Да, вот каким странным образом солнце может использовать свои лучи.

Это зрелище имело своих зрителей. На площадке были выстроены в боевом порядке четыре тысячи человек экспедиционного отряда. Они окружали гильотину с трех сторон, образуя нечто вроде буквы Е; батарея, выстроившаяся посредине более длинной из этих трех линий, составляла как бы центральную черточку этого Е. Красная машина была как бы заключена среди этих трех боевых линий, среди этой живой изгороди солдат, выстроенных у самых краев плоской возвышенности. Четвертую, открытую сторону этой буквы Е составлял ров, и она была обращена к Тургу. Таким образом, был образован открытый с одной стороны прямоугольник, посреди которого стоял эшафот. По мере того как солнце поднималось все выше, тень, бросаемая гильотиной, сокращалась на траве. Артиллеристы стояли возле своих орудий с зажженными фитилями.

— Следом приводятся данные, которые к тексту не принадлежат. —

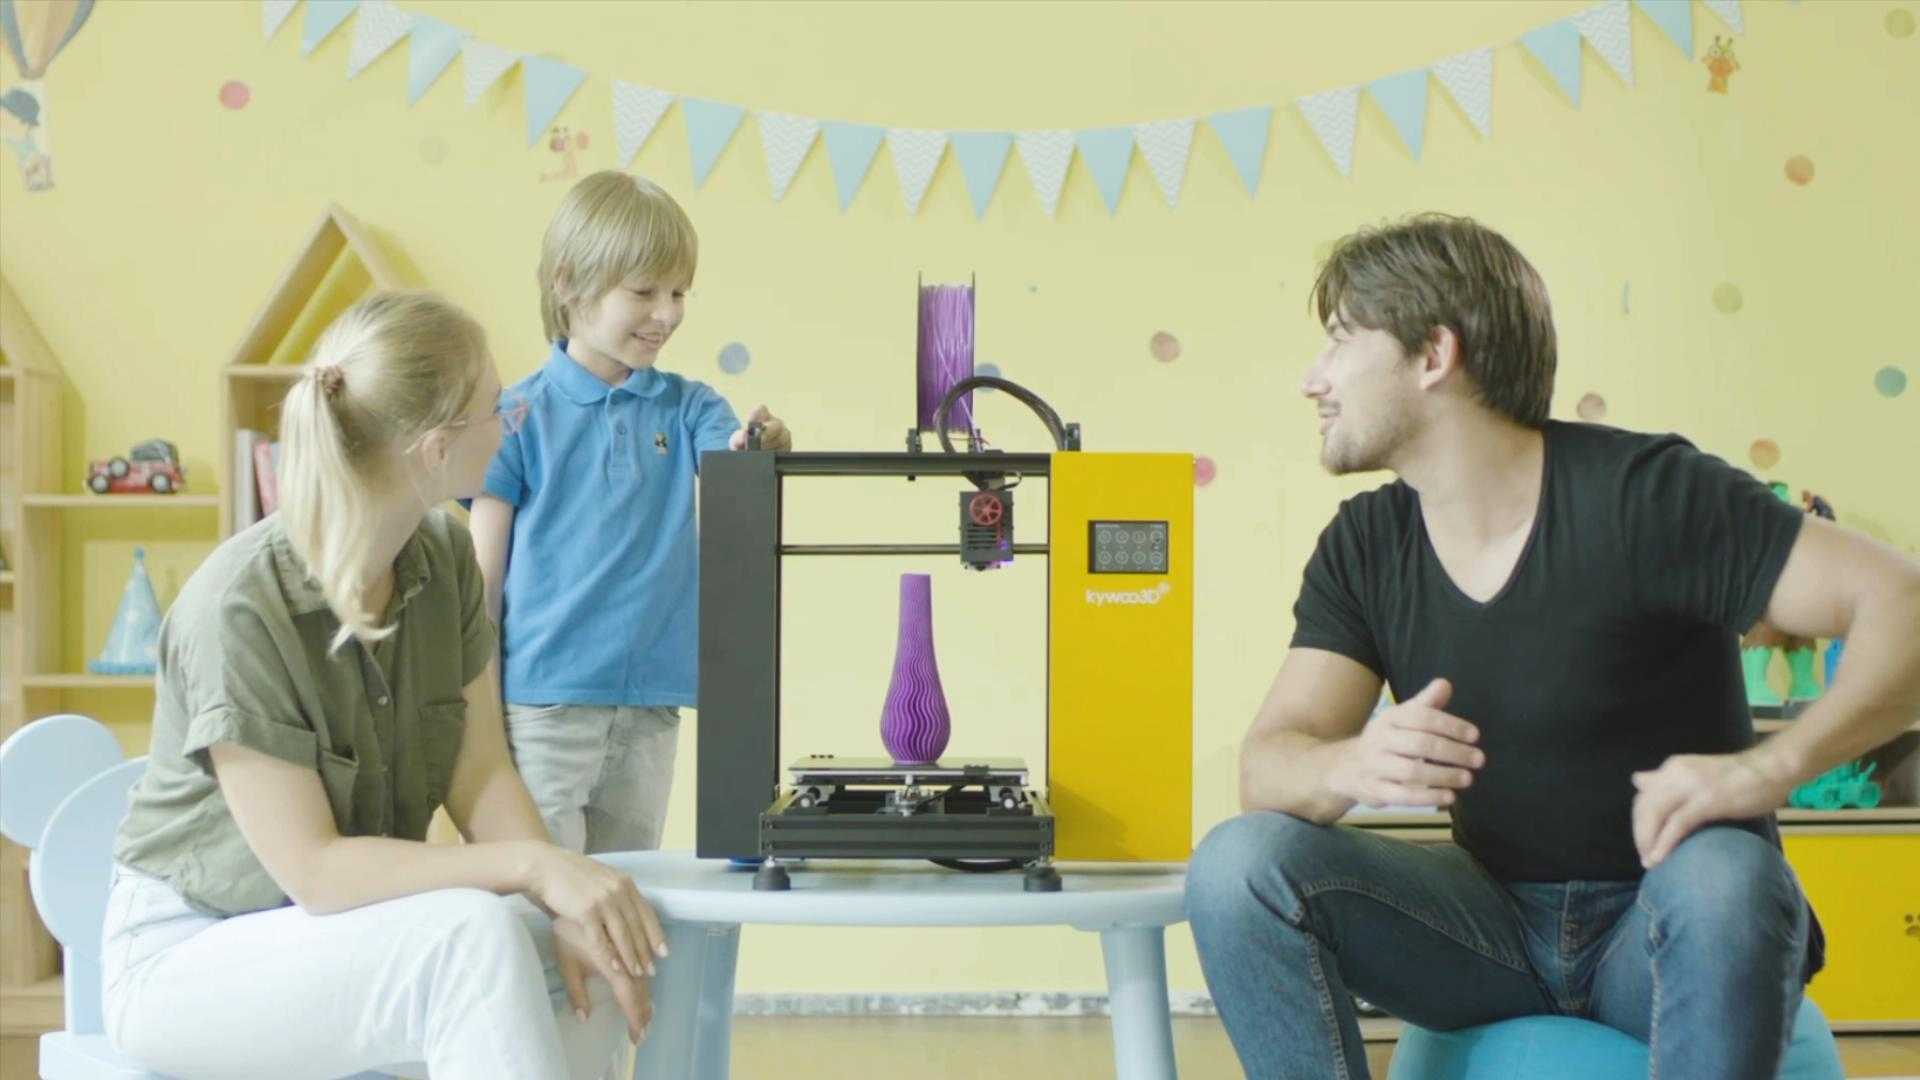 Tycoon Kywoo 3D printer

Из рва поднимался легкий синеватый дымок: то догорали остатки здания на мосту. Дымок этот обволакивал, не застилая фасада, стены Тургской башни, вышка которой вырисовывалась на горизонте. Вышка эта отделялась от гильотины одним только рвом, и расстояние между ними было так незначительно, что между ними легко можно было бы переговариваться.

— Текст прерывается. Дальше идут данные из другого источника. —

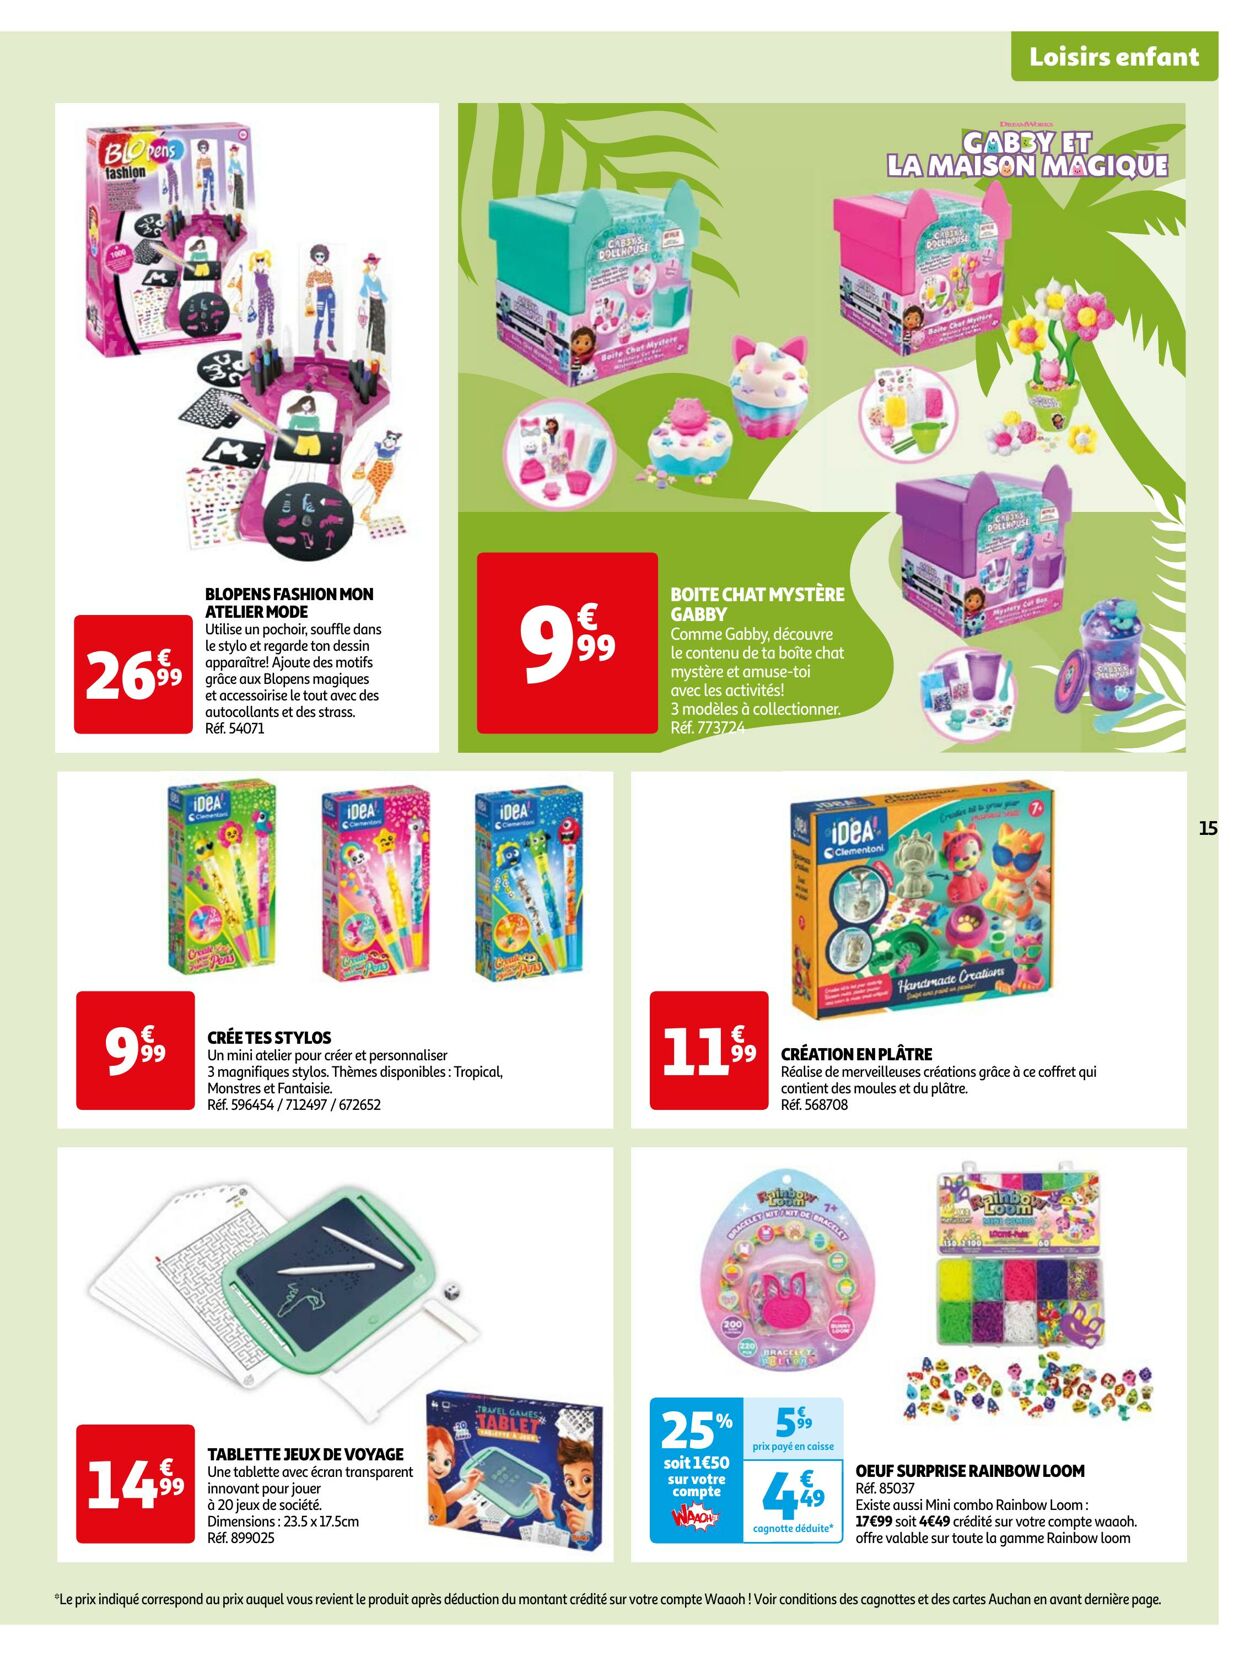 Catalogue Auchan 19.06.2024 - 01.07.2024

На эту вышку были перенесены судейский стол и один из судейских стульев; над ними развевались трехцветные знамена. Солнце поднималось из-за Тургской башни и обрисовывало черными линиями очертания крепости, а на вышке ее -- фигуру какого-то человека, сидевшего неподвижно, со сложенными на груди руками, перед судейским столом, под сенью трехцветных знамен.

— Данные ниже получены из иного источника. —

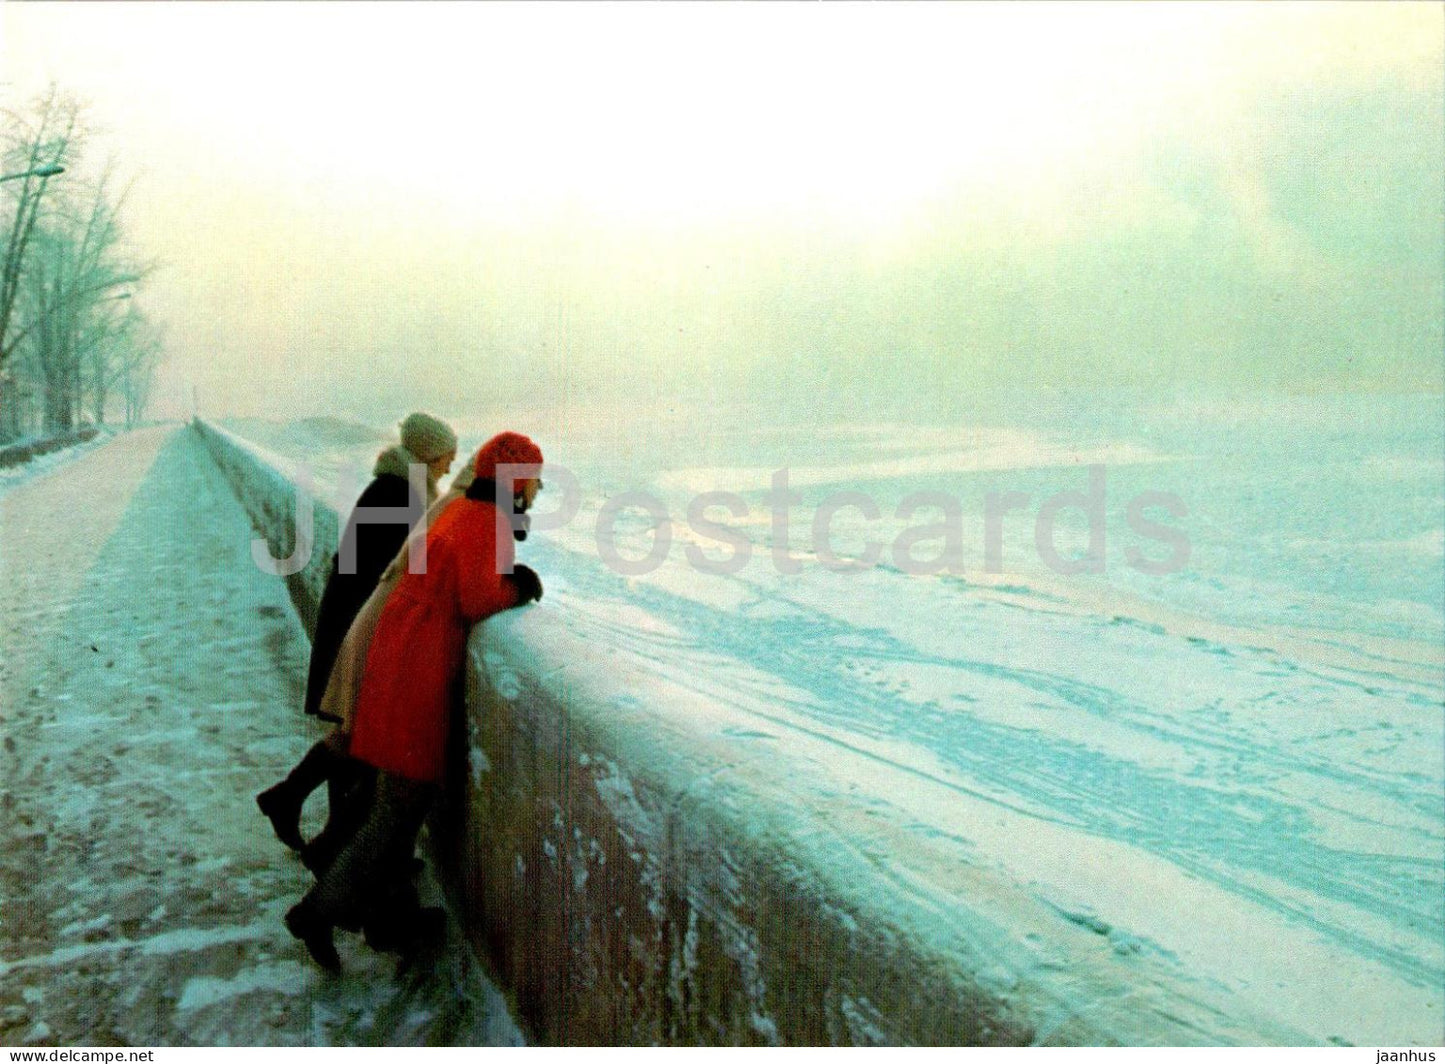 Irkutsk in Winter - Angara river - Russia - unused - JH Postcards

Человек этот был Симурдэн. На нем, как и накануне, был надет мундир комиссара Конвента; на голове его была треугольная шляпа с трехцветным султаном, на левом боку сабля, а за пояс заткнуты пистолеты.

Он молчал; молчали и все. Солдаты держали ружья к ноге и стояли, опустив глаза в землю. Они прикасались друг к другу локтями, но не разговаривали. Они думали об этой братоубийственной войне, о многочисленных сражениях, о столь храбро перенесенных ими схватках в изгородях, о толпах озлобленных крестьян, рассеянных их доблестью, о взятых городах, о выигранных сражениях, о победах, -- и им казалось теперь, будто вся эта слава обращается для них в позор. Тяжелое ожидание смерти сжимало все груди. На помосте гильотины виднелся расхаживавший взад и вперед палач. Свет зарождавшегося дня величественно заливал все небо.

Вдруг послышались те глухие звуки, которые издают обтянутые трауром барабаны. Эти мрачные, похоронные звуки все приближались; ряды расступились, и в каре вступило и направилось к эшафоту целое шествие.

Сначала барабанщики с обтянутыми крепом барабанами, затем рота гренадер, далее взвод жандармов с обнаженными саблями и, наконец, осужденный Говэн, шедший свободно, не связанный ни по рукам, ни по ногам, в походной форме, с саблей на боку. Позади него шел второй взвод жандармов.

На лице Говэна как бы застыло то выражение задумчивой радости, которое осветило его в ту минуту, когда он сказал Симурдэну: "Я думаю о будущем". Ничто не могло быть очаровательнее и торжественнее этой улыбки.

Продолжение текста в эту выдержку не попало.